His eyes penetrate mine, and they’re filled with such lonely sadness that I get sad, too. Alex often talks to me about his family being different, but it’s just so hard for me to understand.
Eventually his face softens, and the side of his mouth ticks up as he pulls me in close again. “I’m sorry. You’re right. I was being lame—jealousy is not a good thing.”
My lips pull in, puckering against the urge to smile, but I can’t hide it for long.
“You, Alex Sinclair, should never be jealous. No other boy could compare, especially not…” I shudder, and add in a little eye roll. “Grady.”
His chest quakes with a silent laugh and he presses his lips on my forehead, wrapping his arms around me tighter.

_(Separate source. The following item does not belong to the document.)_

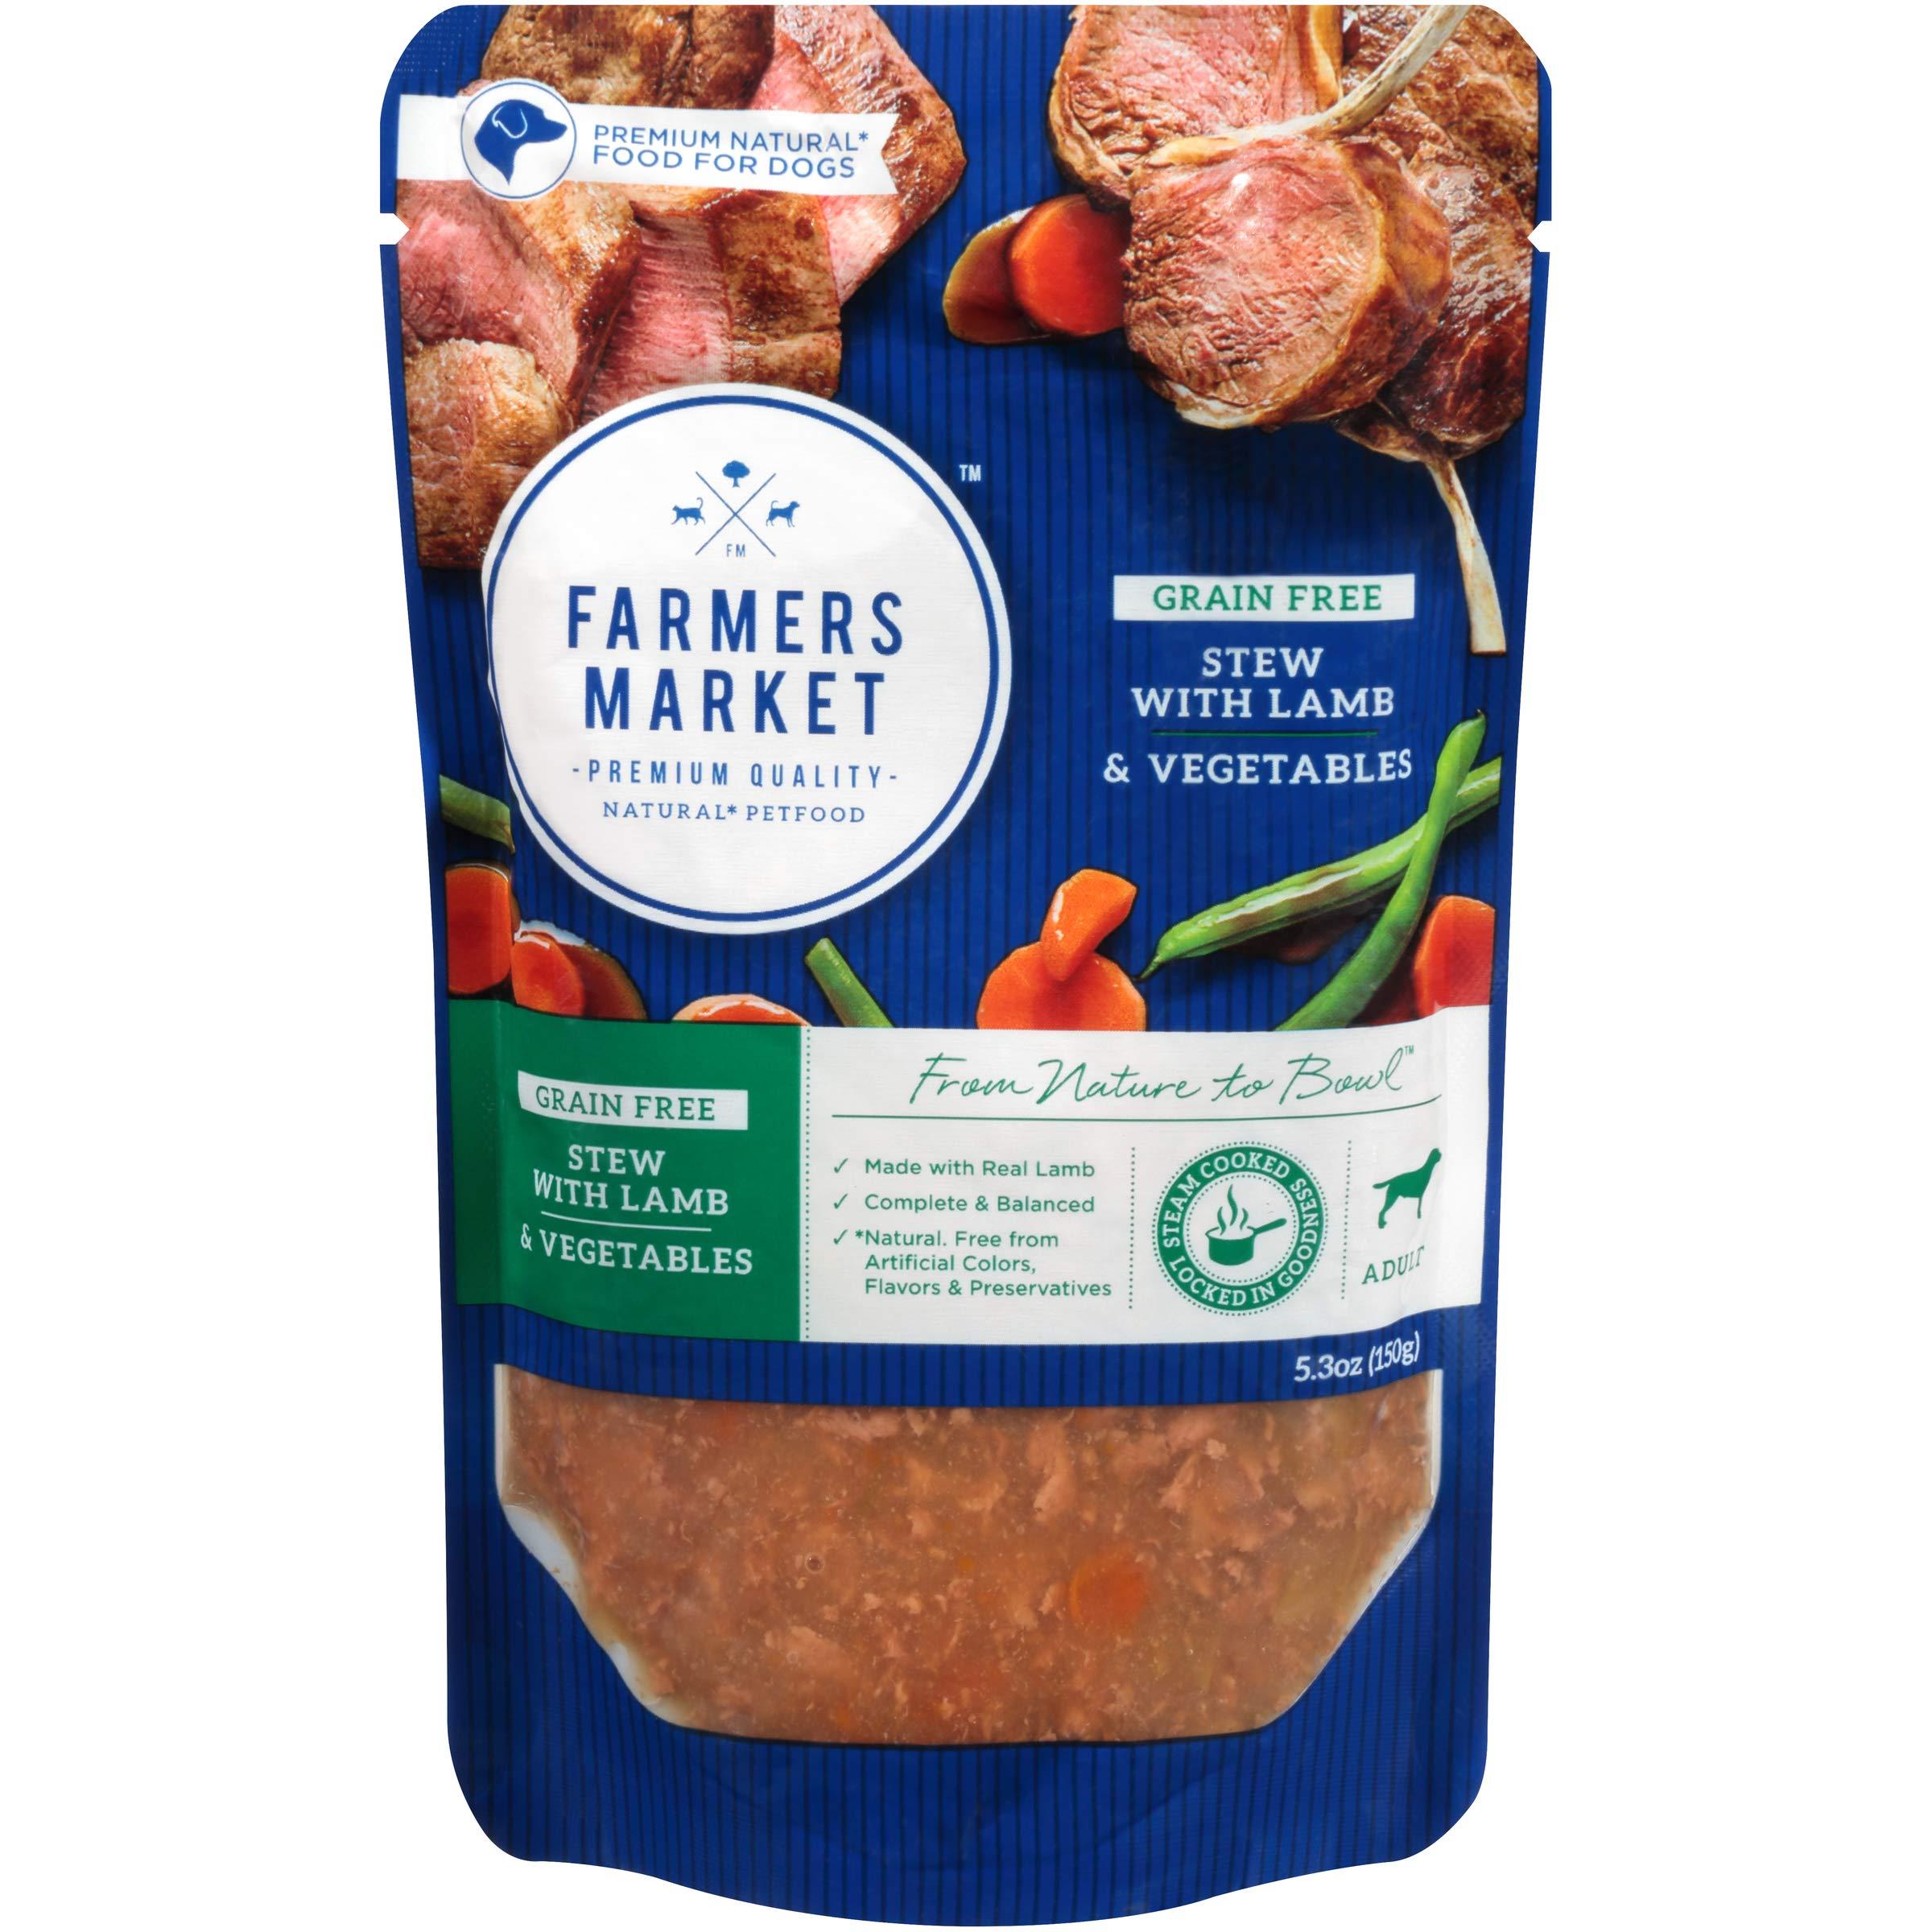 Farmers Market Pet Food Premium Natural Grain-Free Wet Dog Food Pouch, 5.3 oz, Lamb & Vegetables (Case of 24) by Farmers Market Pet Food

He holds me like this for three songs in a row—even for the fast songs—until Grady taps him on his shoulder and whispers something in his ear.
“Okay…ummm…just stay here, Jojo. I’ve gotta help him with something, but I’ll be right back.”
Alex squeezes my arms firmly and rushes off through the crowded dance floor following Grady.
I’m left alone under th
e spinning disco ball and the blue and purple crepe-paper flowers the student council hung from the ceiling. Before long, I start to feel the stares of the couples looking at me lingering out here alone.
“Excuse me.” I cut through the crowd, making my way back to the chairs that line the room. I look for a new cup to get another drink of punch, but can’t find any, so I move to the table of treats and pick at a few of the cookie wrappers, settling on the sugar one shaped like a heart.
A few of the popular girls move around me, looking me up and down and laughing. One of them holds her fingers to her lips while the other pours what looks like vodka into the punch. I smile like I’m in on the secret, but the moment they walk away I roll my eyes at how cliche they are. I’m also glad I had some of the punch before they ruined it.
I nibble on my cookie through an entire song and a half, and I begin to worry where Alex has gone when I spot Grady weaving back toward me through the crowd.
“Jojo, you gotta come.” He shouts to me. “Alex got in a fight with some guy who’s been talking shit about us. He’s hurt…hurt bad…”
My pulse begins to thump wildly. “Okay, where?” I’m already running after him when I ask.
He just motions with his hand and rushes through the hallway door that leads to the back of the school. My mind imagines Alex hurt, his face bruised and bloodied, red staining the crisp white of his nice shirt and the gray of his suit. I want to kill whoever ruined our night, and my hand instinctively forms a fist at my side as we bust through the doors to the maintenance area.
The stench of the dumpsters hits my nose first, but the very next thing I feel is the swift jerk on the bottom of my dress.
“It is some sort of freak polyester. No wonder it’s so shiny. So tacky! It’s not even satin…or silk.” A blonde girl I recognize as one of the cheerleaders holds the long shred of my dress she just tore off of me up to the yellow light. “We should donate this to science.”
“Hey! I can’t believe you just tore my dress!” I hear a round of laughter and realize there’s a whole crowd out here.